• DATA EXCERPT:
* * * *
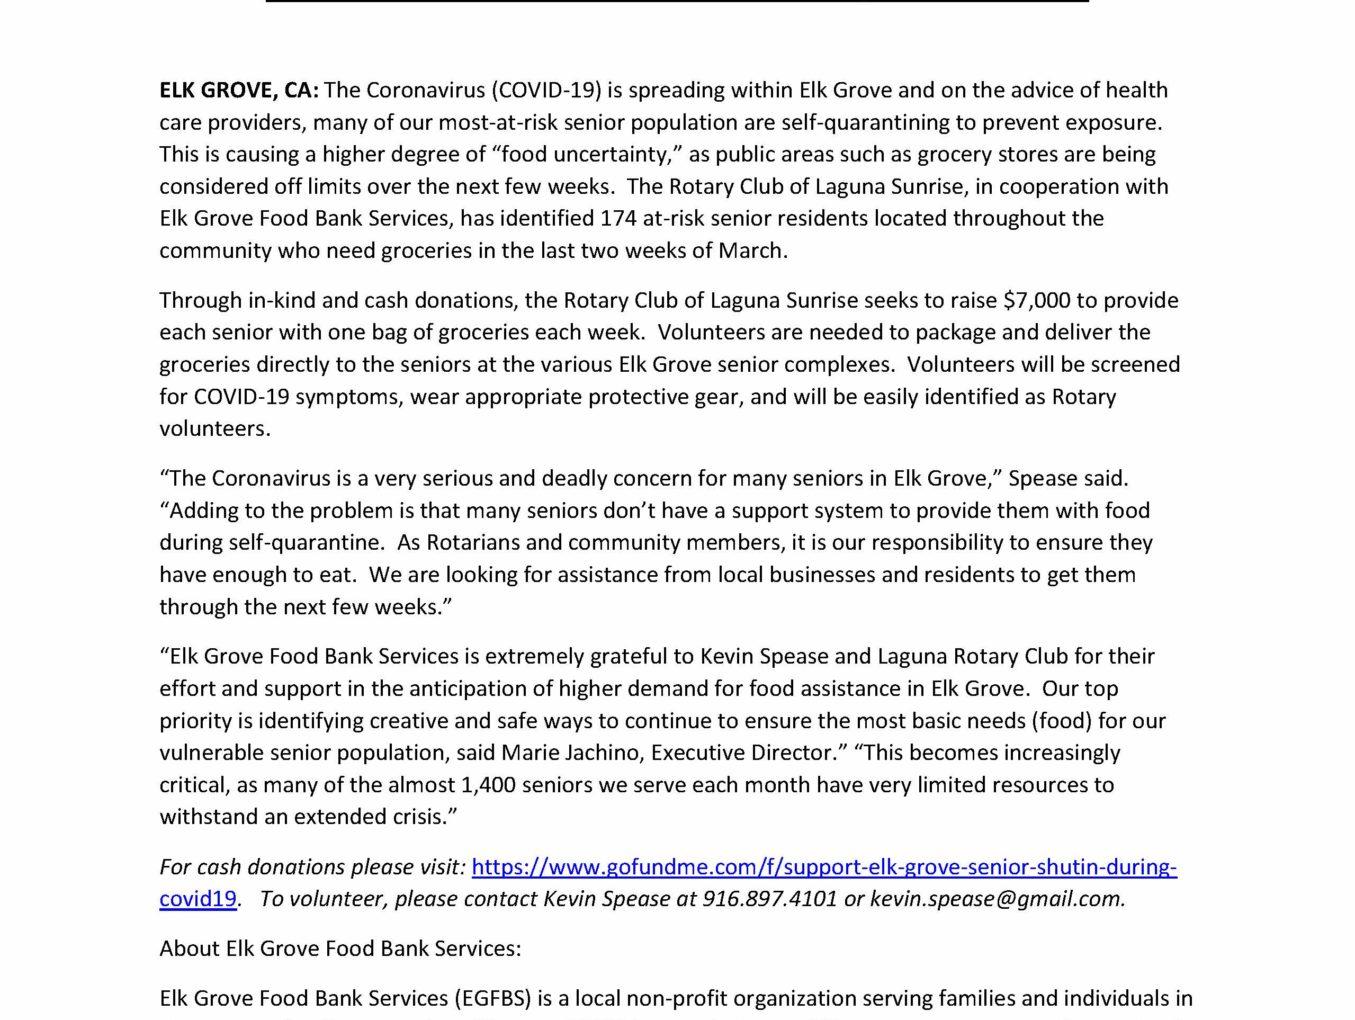 PRESS RELEASE: Feeding Elk Grove Self-Quarantined Seniors
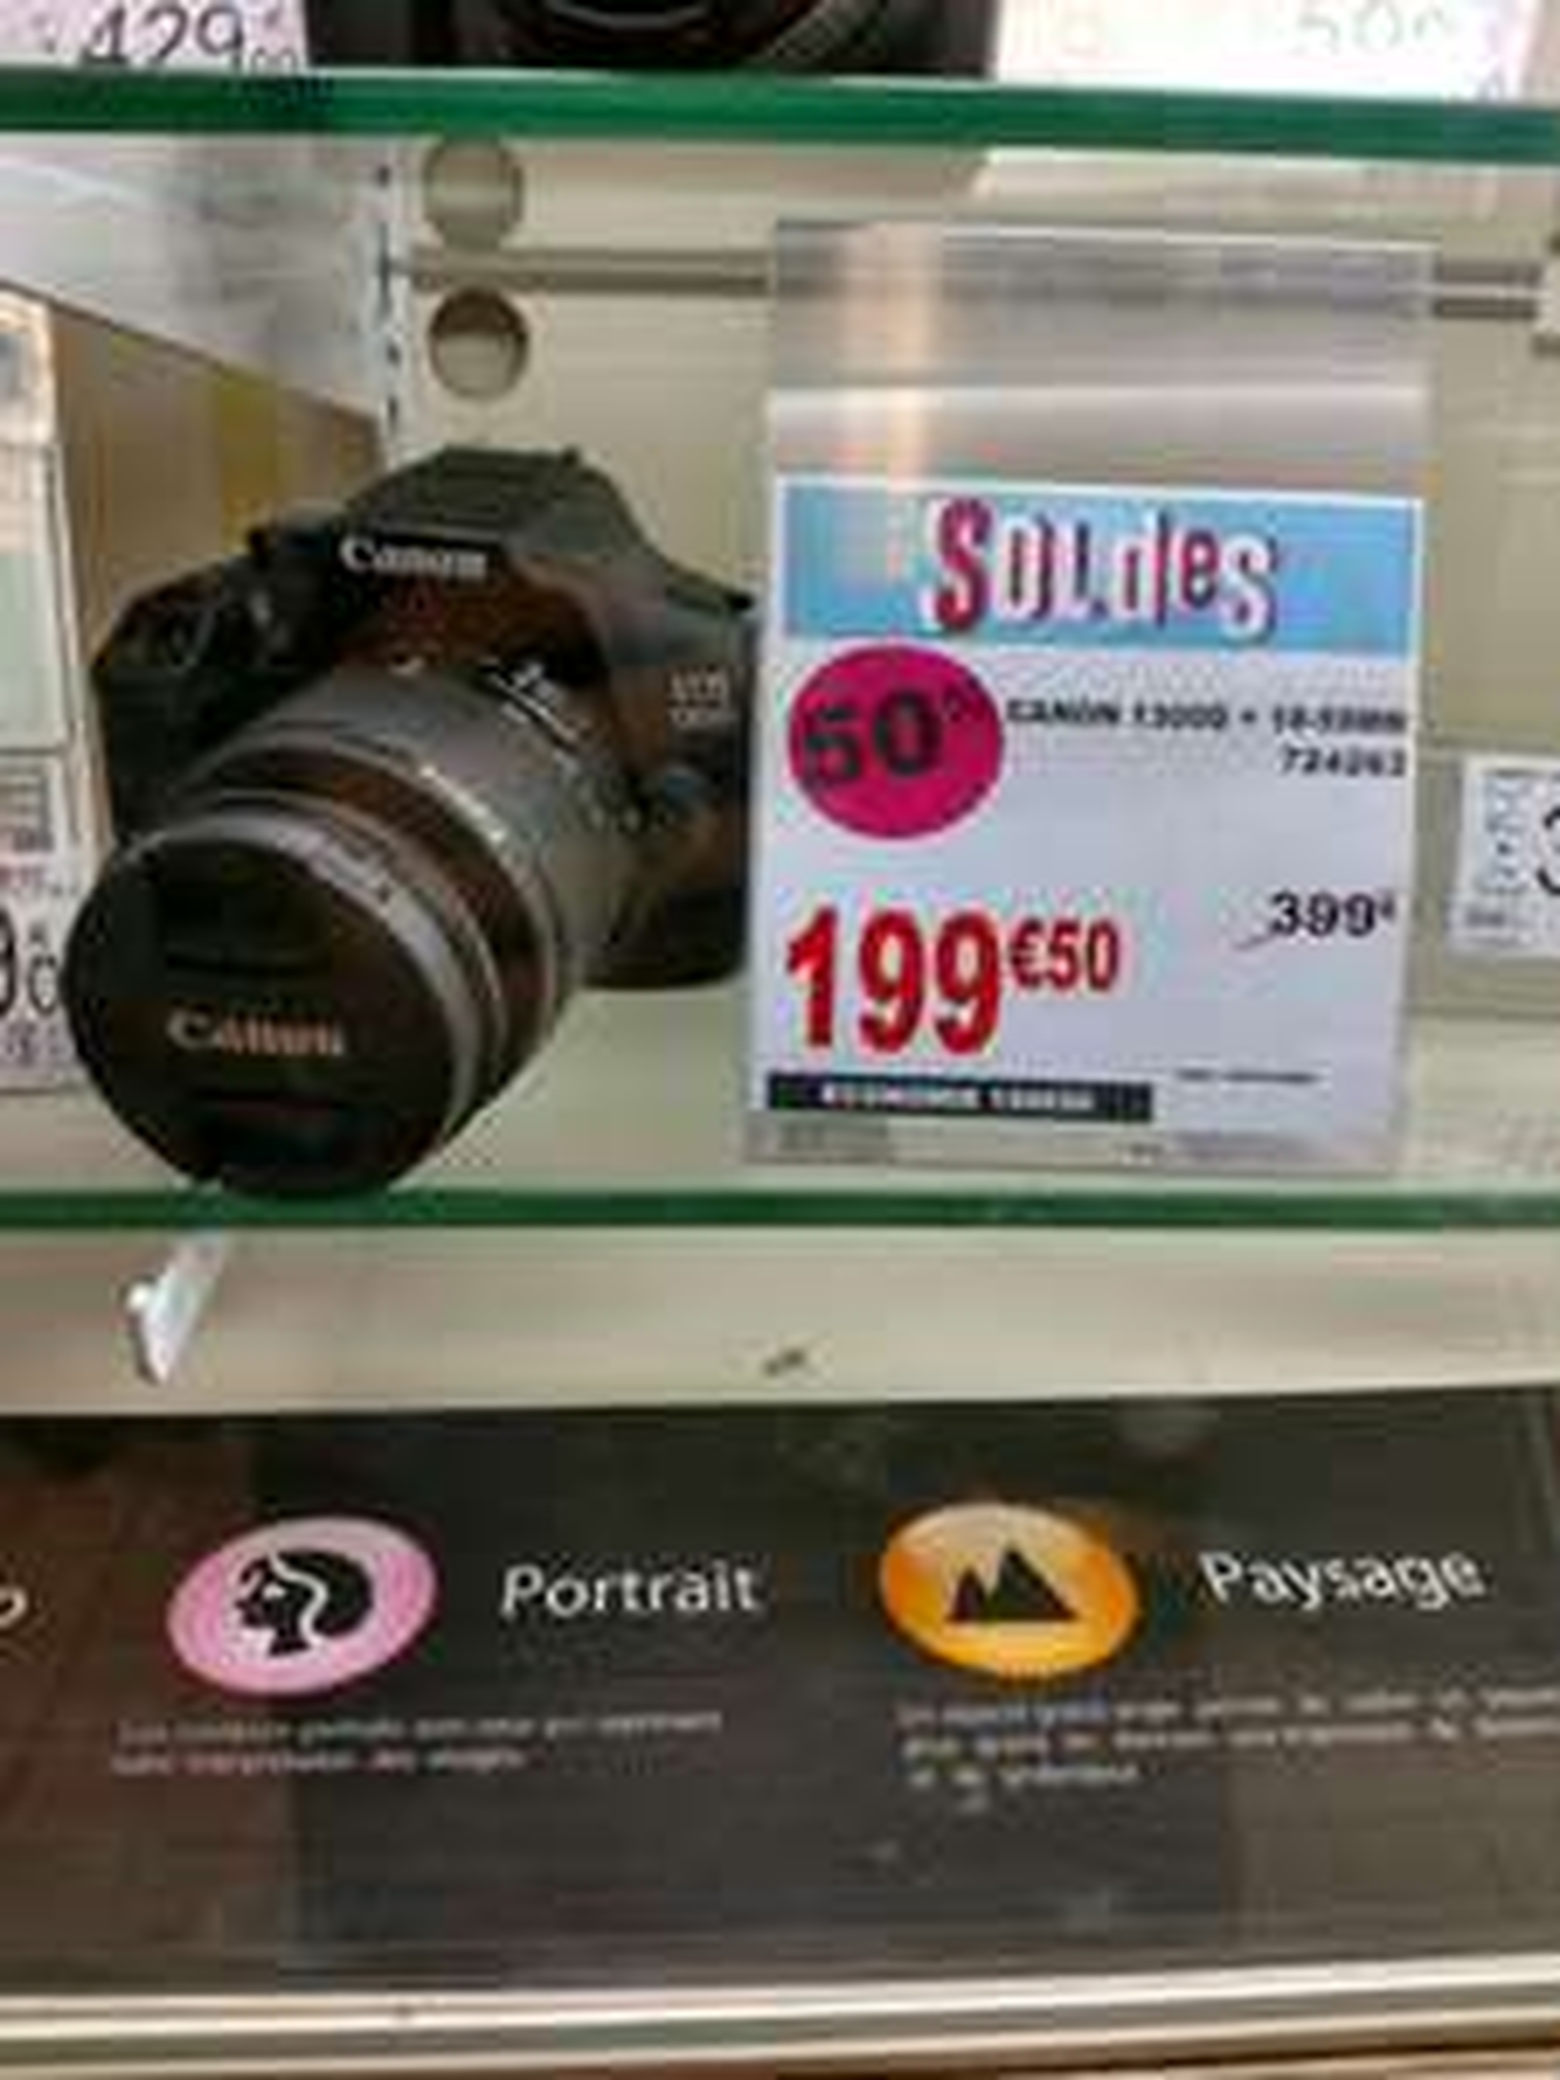 Appareil photo Reflex Canon 1300d + objectif 18-55 - Auchan Béziers (34)
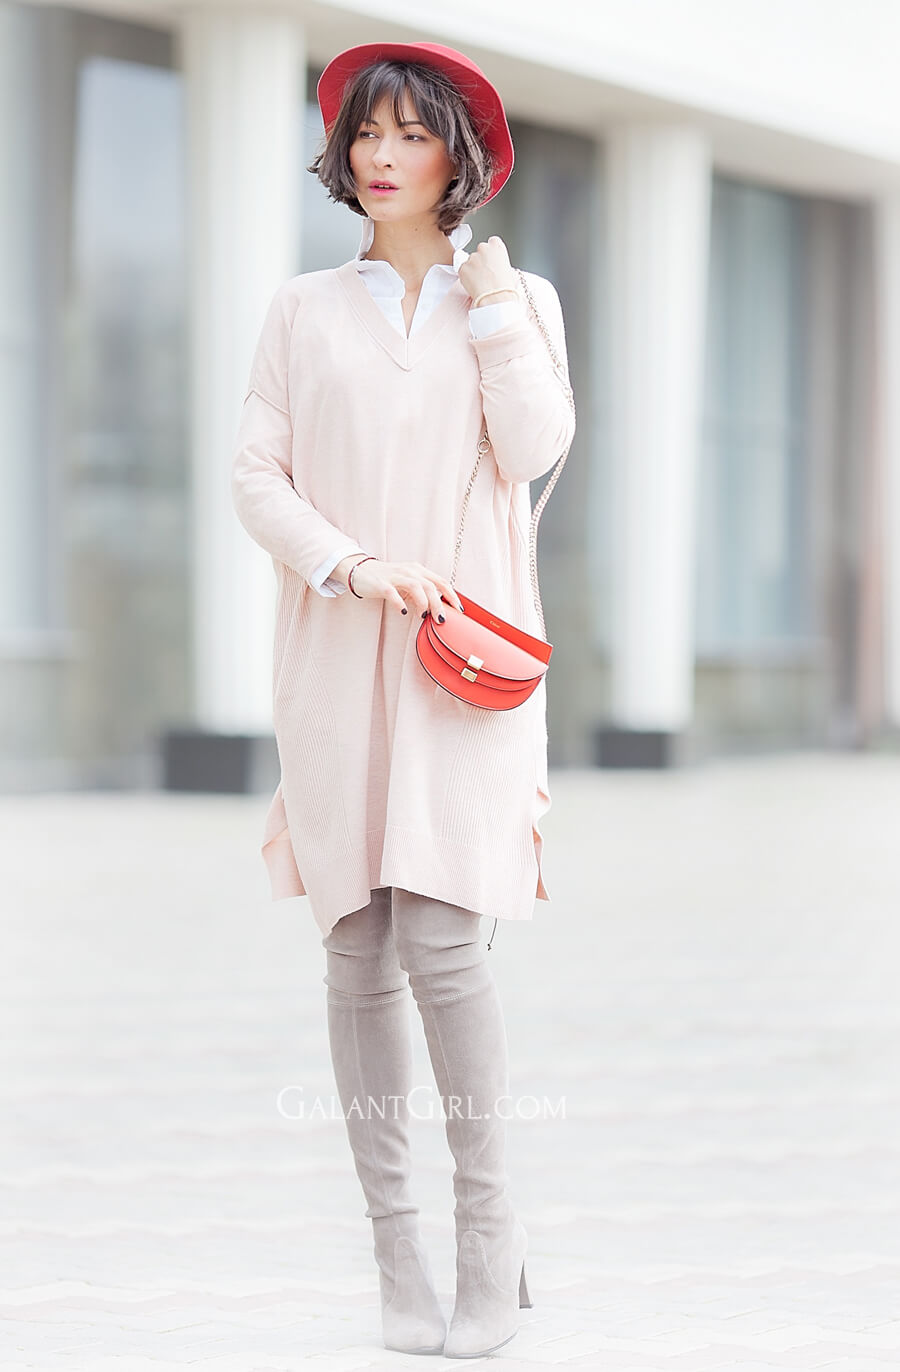 peach-white-asos-jumper-dress-street-style-ideas-for-spring-2016
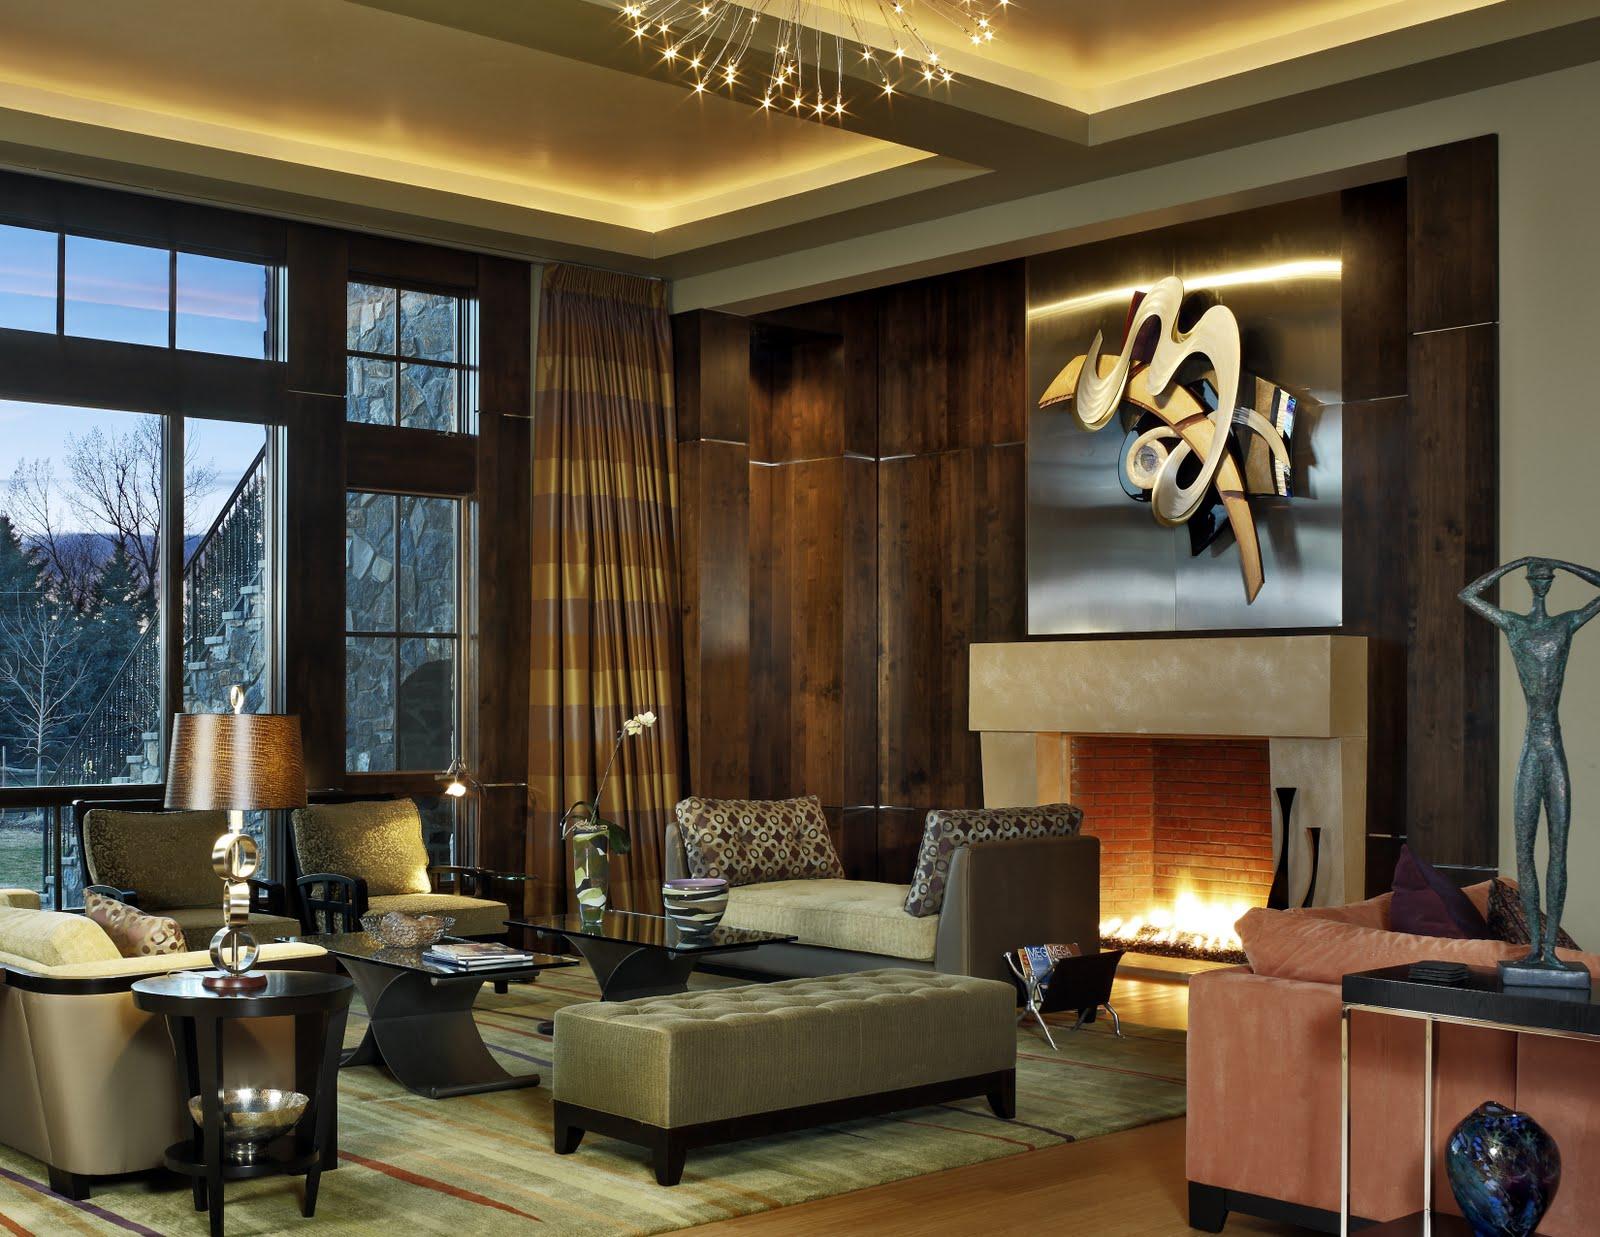 Modern Stone Fireplace Designs: Distinctive Mantel Designs, Inc.: Best New Contemporary
* * * *
• ABOUT THIS TASK:
Write the material above out again exactly. Omit every image.

• SOLUTION TO THE PROBLEM:
 PRESS RELEASE: Feeding Elk Grove Self-Quarantined Seniors
 Appareil photo Reflex Canon 1300d + objectif 18-55 - Auchan Béziers (34)
 peach-white-asos-jumper-dress-street-style-ideas-for-spring-2016
 Modern Stone Fireplace Designs: Distinctive Mantel Designs, Inc.: Best New Contemporary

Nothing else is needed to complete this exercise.